Editorial - iPhone Creates More Panic in Small-ville

Now that the Apple iPhone has full enterprise support and an amazing business model that developers will flock to, those with feet of clay and small minds are dragging out every possible excuse to avoid one core idea: the iPhone is the best smartphone on the planet, and it's going to become a major force in the mobile phone world.

It's like watching kids squirm when they don't want to take a bath before bedtime. Here are just some of the current arguments from C|Net (1,2) and the WSJ (3,4,5) [Subscription may be required.]

1. Apple wants too much control. Any company that wants to control the security of their product is evil and monopolistic.

2. The prohibition on VOIP over EDGE violates net neutrality. (Got that?) Never mind the fact that VOIP is designed to send voice over a packet switching network, and embedding VOIP inside an IP protocol sent over a digital voice network like EDGE is technical lunacy when the iPhone already has Wi-Fi built in.

3. Apple announced support for Microsoft Exchange. That's unfortunate because it excludes Lotus Notes and Novell systems.

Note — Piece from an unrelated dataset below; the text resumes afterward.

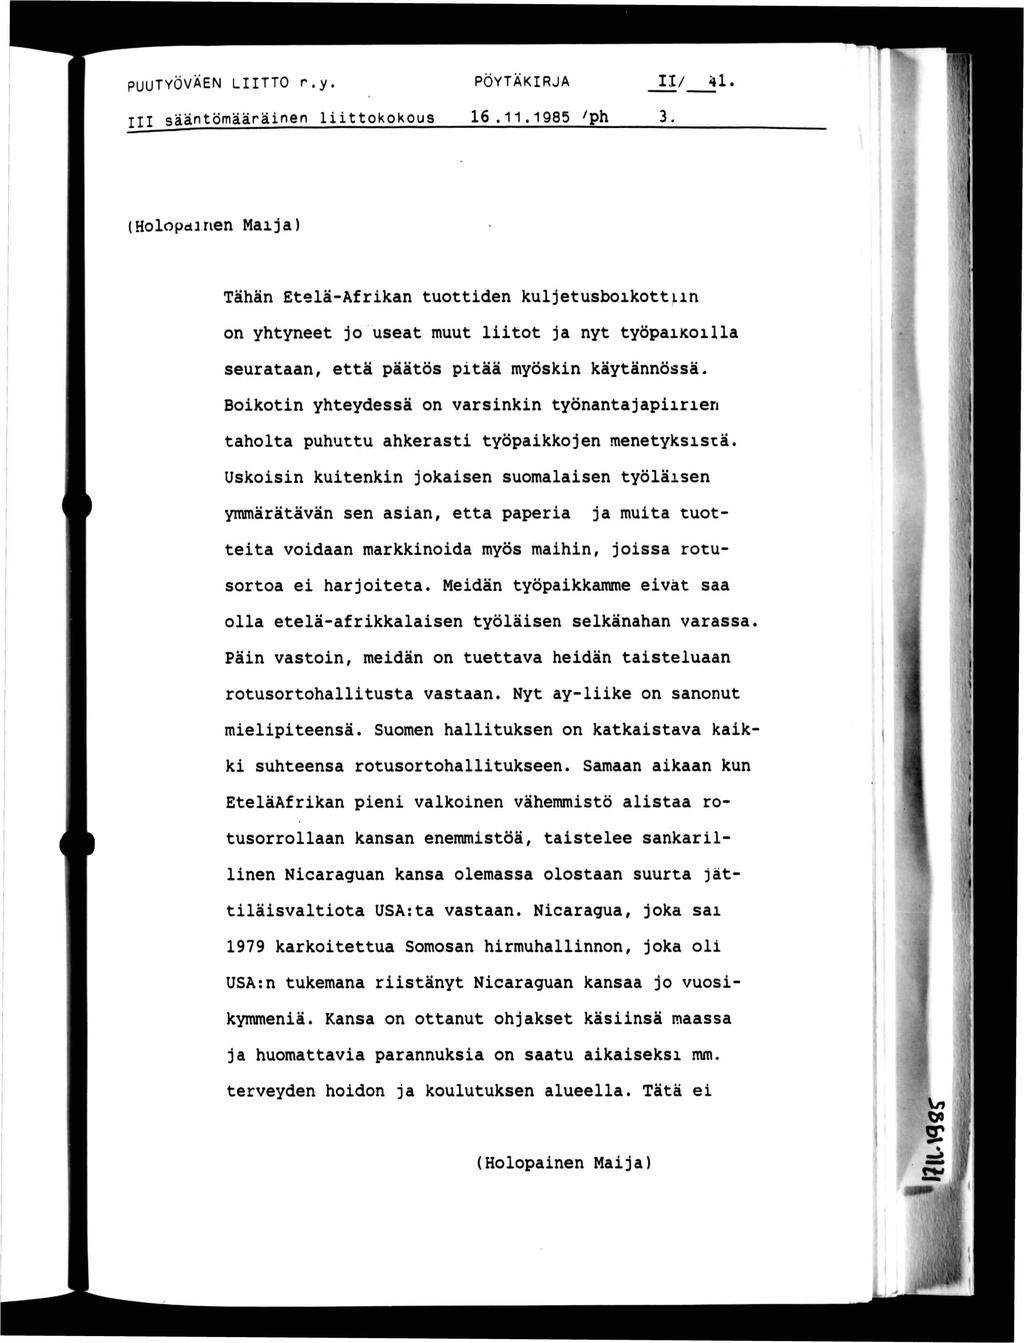 PUUTYÖVÄEN LTTO r.y. PÖYTÄKRJA / 41. sääntömääränen lttokokous 16.11.1985 ^ph 3.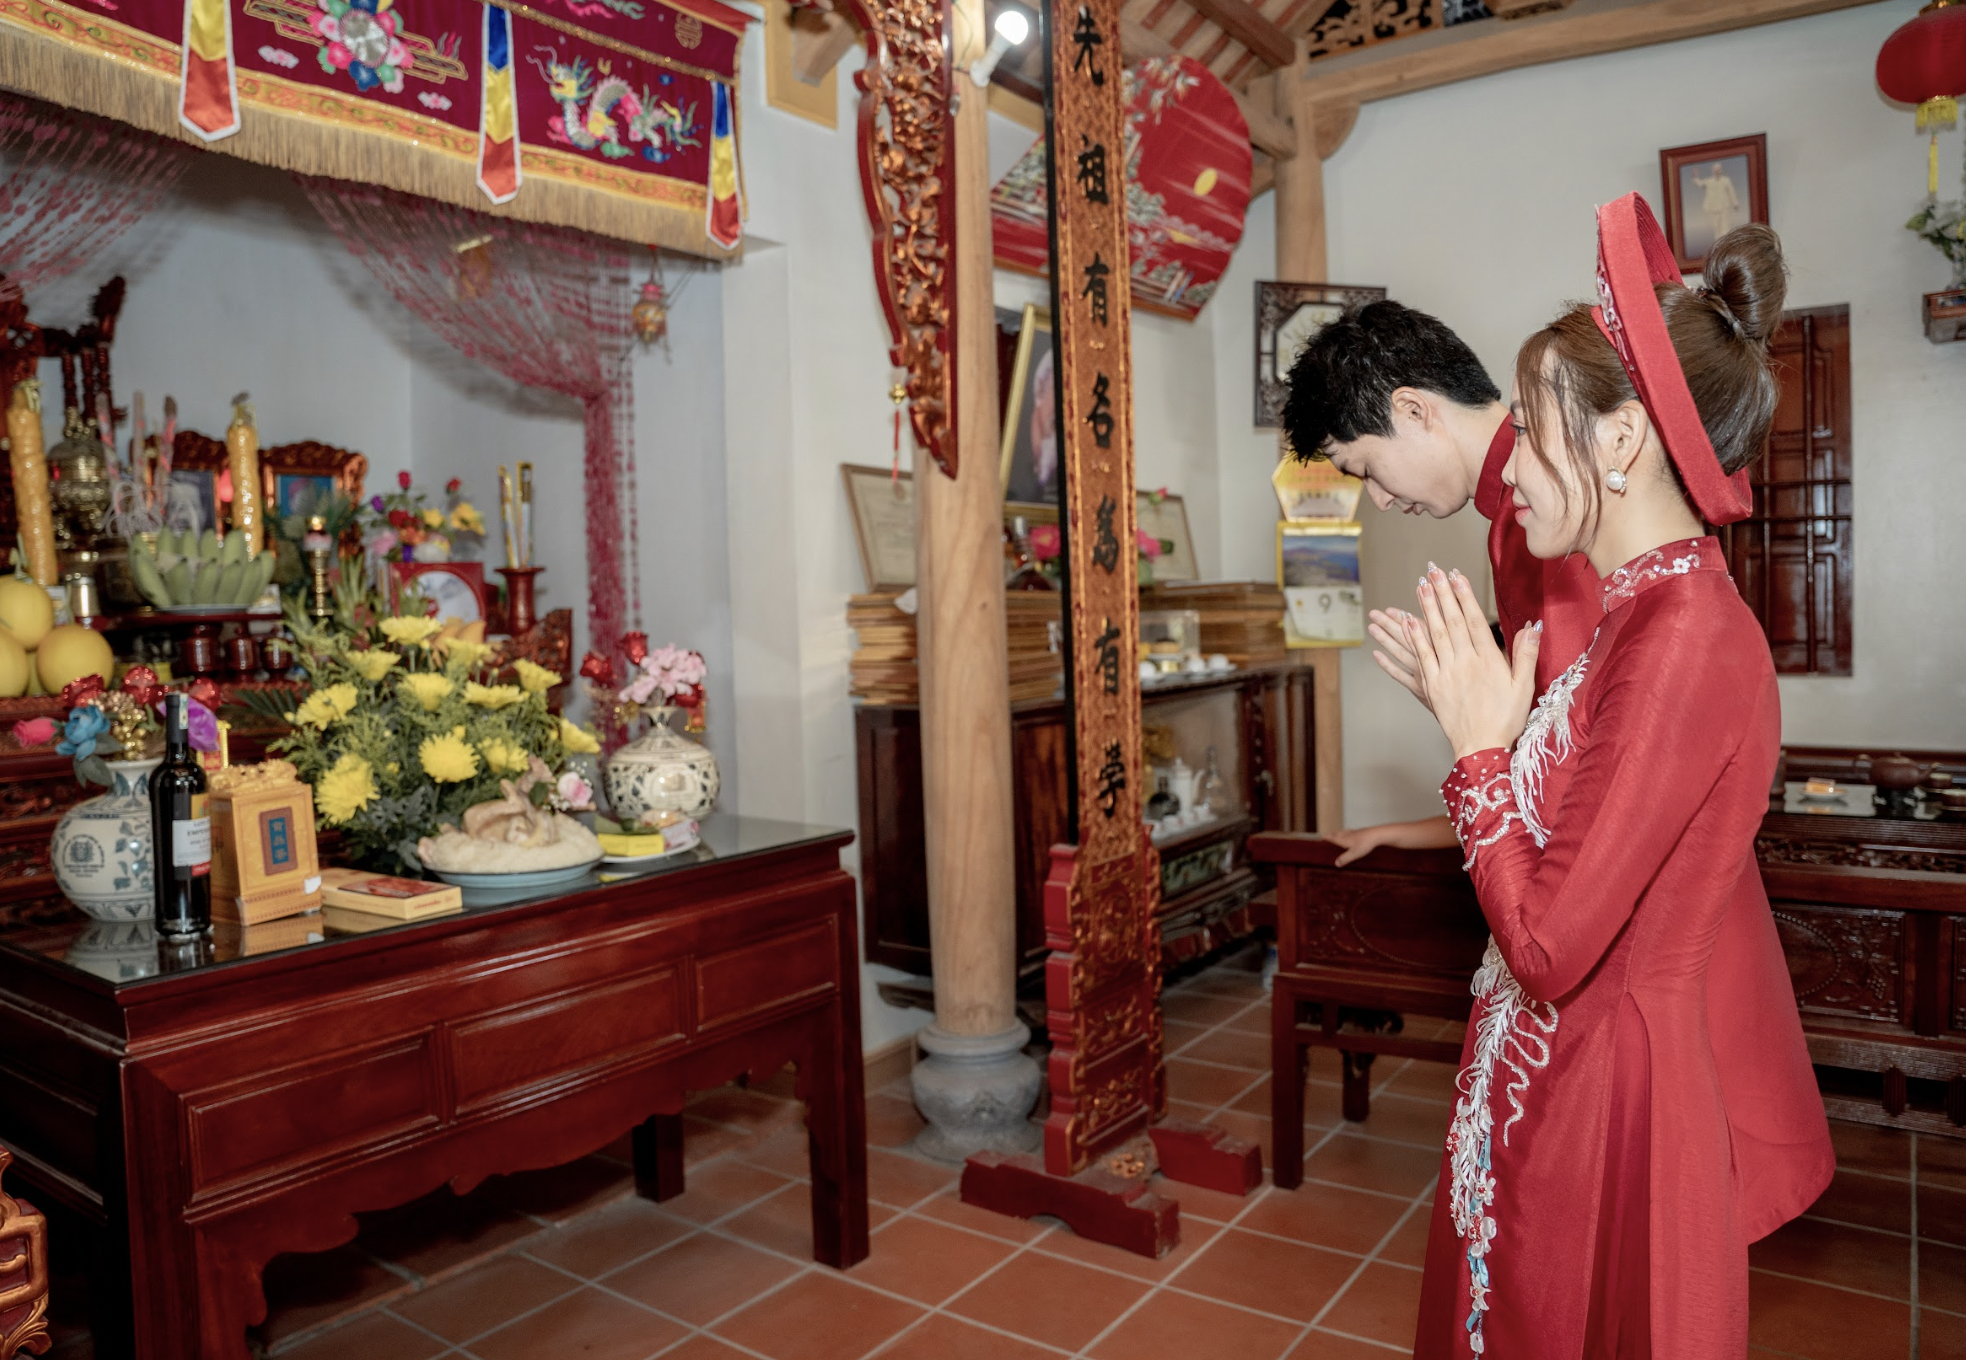 Đám cưới đặc biệt của chú rể Nhật và cô dâu Việt nhận 'mưa tim' - Ảnh 2.

4. The iPhone only works on the AT&T network, one of the largest GSM networks on the planet. Those companies that insist on using Sprint and Qwest will just be out of luck. Shucks.

5. Businesses that have selected the BlackBerry will be reluctant to switch. Change is awfully upsetting.

Actually, what's upsetting to many is seeing Apple outmaneuver, outthink, and outmarket the competition. For a long time now, it's been the custom to point out that Macs are (finally, grudgingly) really cool, but when it comes to market share, the fact is, Apple is still a small time player. What's being noticed now is that Apple is winning big and that the iPhone, thanks to the technology and business model, is poised to become the next major mobile computing platform, and there is apparently nothing any other company can do about it.

Perhaps the Federal Government will step in and put a stop to this Apple madness. Heaven knows who else will.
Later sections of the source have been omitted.